Benchmark Times for FLYING DIANE

  • Elite: <5:00
  • Advanced: 5:30-6:30
  • Intermediate: 7:30-9:00
  • Beginner: >18:00

Training Focus

This workout develops the following fitness attributes:

  • Stamina (8/10): High volume of pulling movements (HSPUs and muscle ups) combined with deadlifts will severely tax upper body and posterior chain muscular endurance.
  • Strength (7/10): Heavy deadlifts at 225/155 require significant strength, while HSPUs and muscle ups demand high relative strength-to-bodyweight ratios.
  • Flexibility (6/10): HSPUs require excellent shoulder mobility, muscle ups demand thorough shoulder and hip flexibility, deadlifts need posterior chain mobility.
  • Power (6/10): Muscle ups are highly explosive movements requiring significant power generation, while HSPUs have moderate power demands during the press.
  • Endurance (4/10): The descending rep scheme and high-skill movements create moderate cardiovascular demand, but rest periods between sets limit pure aerobic stress.
  • Speed (3/10): Technical complexity of muscle ups and HSPUs limits cycling speed; focus is more on completing reps than rapid transitions.

Movements

  • Deadlift
  • Bar Muscle-Up
  • Handstand Push-Up

Benchmark Notes

This workout follows a 15-9-6 rep scheme with deadlifts (225/155), handstand push-ups, and bar muscle-ups - totaling 30 reps per movement across 3 rounds. I'll analyze this round by round: Round 1 (15 reps each): Deadlifts at 225# will take ~2.5 sec/rep = 37.5 sec. HSPUs in a complex workout take ~8-10 sec/rep = 120-150 sec. Bar muscle-ups take ~4-5 sec/rep = 60-75 sec. With transitions (~10 sec each), Round 1 = ~240-290 sec. Round 2 (9 reps each): Deadlifts with fatigue = ~25 sec. HSPUs breaking into smaller sets = ~90-110 sec. Bar muscle-ups = ~40-50 sec. With transitions, Round 2 = ~165-195 sec. Round 3 (6 reps each): Deadlifts = ~17 sec. HSPUs = ~60-75 sec. Bar muscle-ups = ~28-35 sec. With transitions, Round 3 = ~115-135 sec. Total estimated time: 520-620 sec for elite athletes. This workout is most similar to Amanda (9-7-5 ring muscle-up + squat snatch 135/95) which has L10: 420-480 sec, L5: 720-840 sec, L1: 1080-1380 sec.

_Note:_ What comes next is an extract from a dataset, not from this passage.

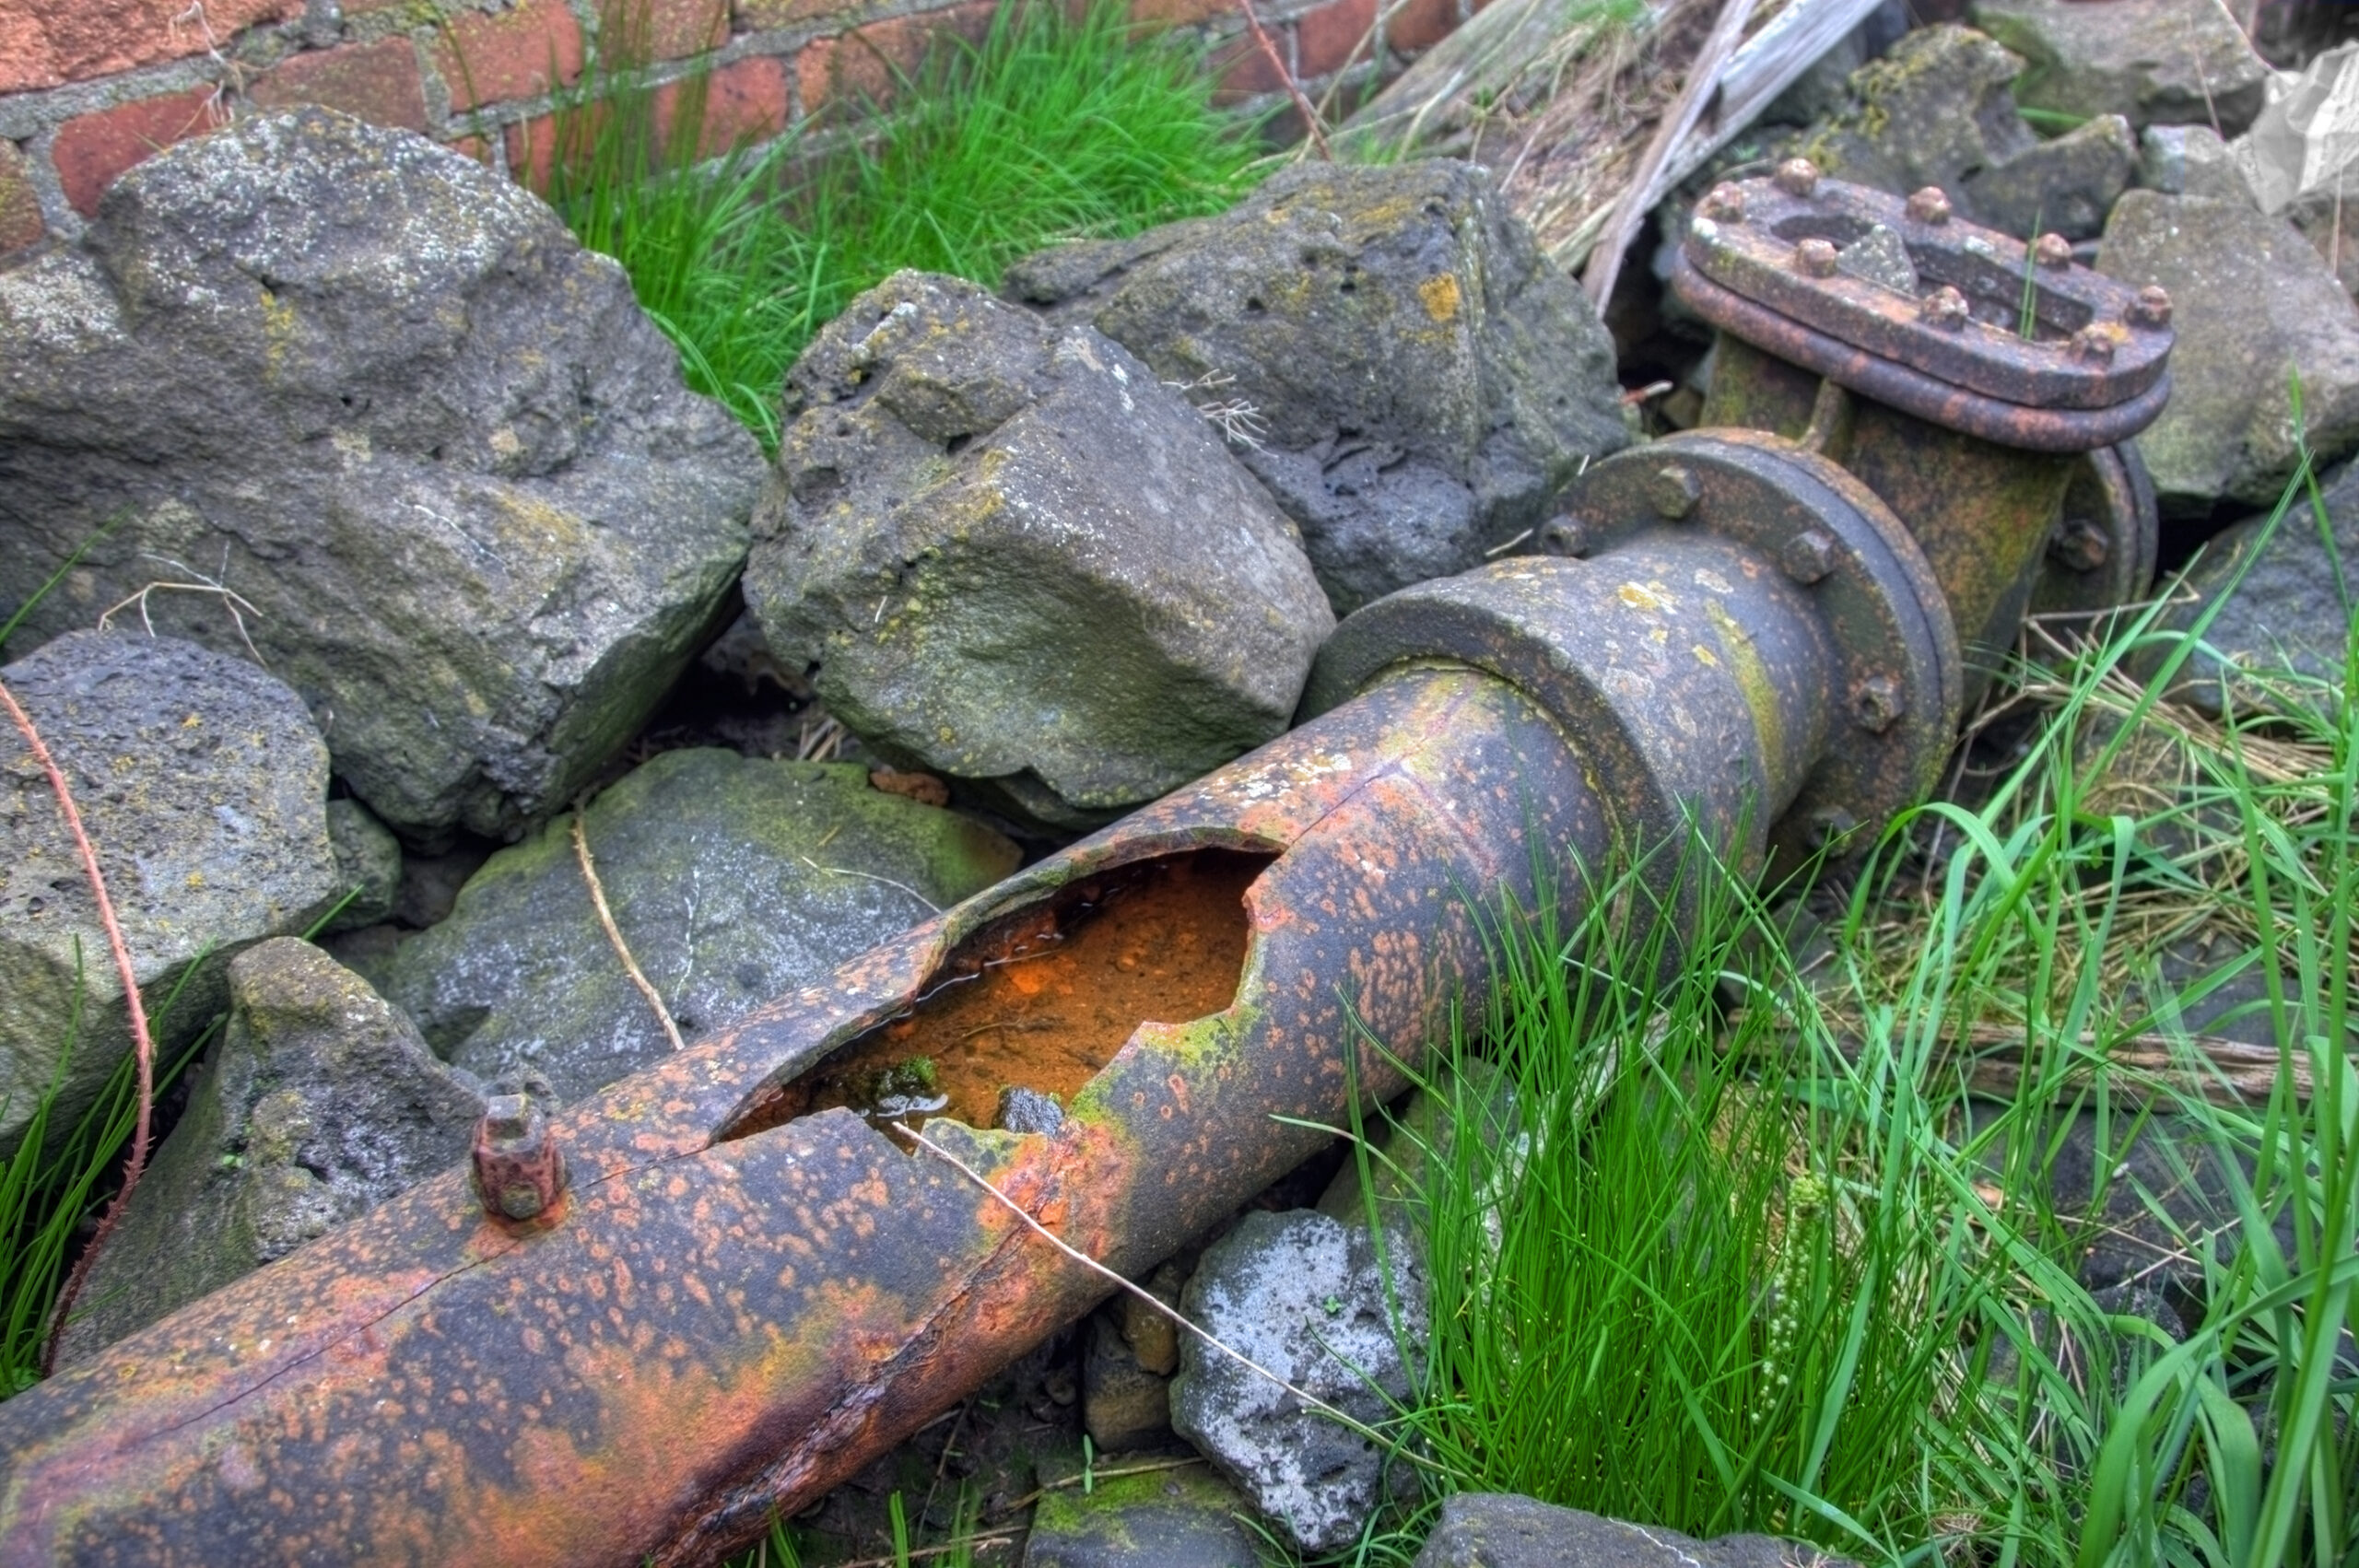 Common Causes of Cracked Pipes

However, this workout has heavier deadlifts (225 vs 135 snatch), more challenging HSPUs vs snatches, and bar muscle-ups which are faster than ring muscle-ups but still highly technical. The 15-9-6 scheme also has more total reps (30 vs 21 per movement). Given the increased volume and technical complexity, I'm scaling Amanda upward by approximately 25-30%. This gives us L10: 300-330 sec, L5: 540 sec, L1: 1080 sec. Final targets - L10: 300 sec (5:00), L5: 540 sec (9:00), L1: 1080 sec (18:00)

Modality Profile

3 movements total: Deadlift (W), Handstand Push-Up (G), Bar Muscle-Up (G). Two gymnastics movements (67%) and one weightlifting movement (33%).

Training Profile

AttributeScoreExplanation
Endurance4/10The descending rep scheme and high-skill movements create moderate cardiovascular demand, but rest periods between sets limit pure aerobic stress.
Stamina8/10High volume of pulling movements (HSPUs and muscle ups) combined with deadlifts will severely tax upper body and posterior chain muscular endurance.
Strength7/10Heavy deadlifts at 225/155 require significant strength, while HSPUs and muscle ups demand high relative strength-to-bodyweight ratios.
Flexibility6/10HSPUs require excellent shoulder mobility, muscle ups demand thorough shoulder and hip flexibility, deadlifts need posterior chain mobility.
Power6/10Muscle ups are highly explosive movements requiring significant power generation, while HSPUs have moderate power demands during the press.
Speed3/10Technical complexity of muscle ups and HSPUs limits cycling speed; focus is more on completing reps than rapid transitions.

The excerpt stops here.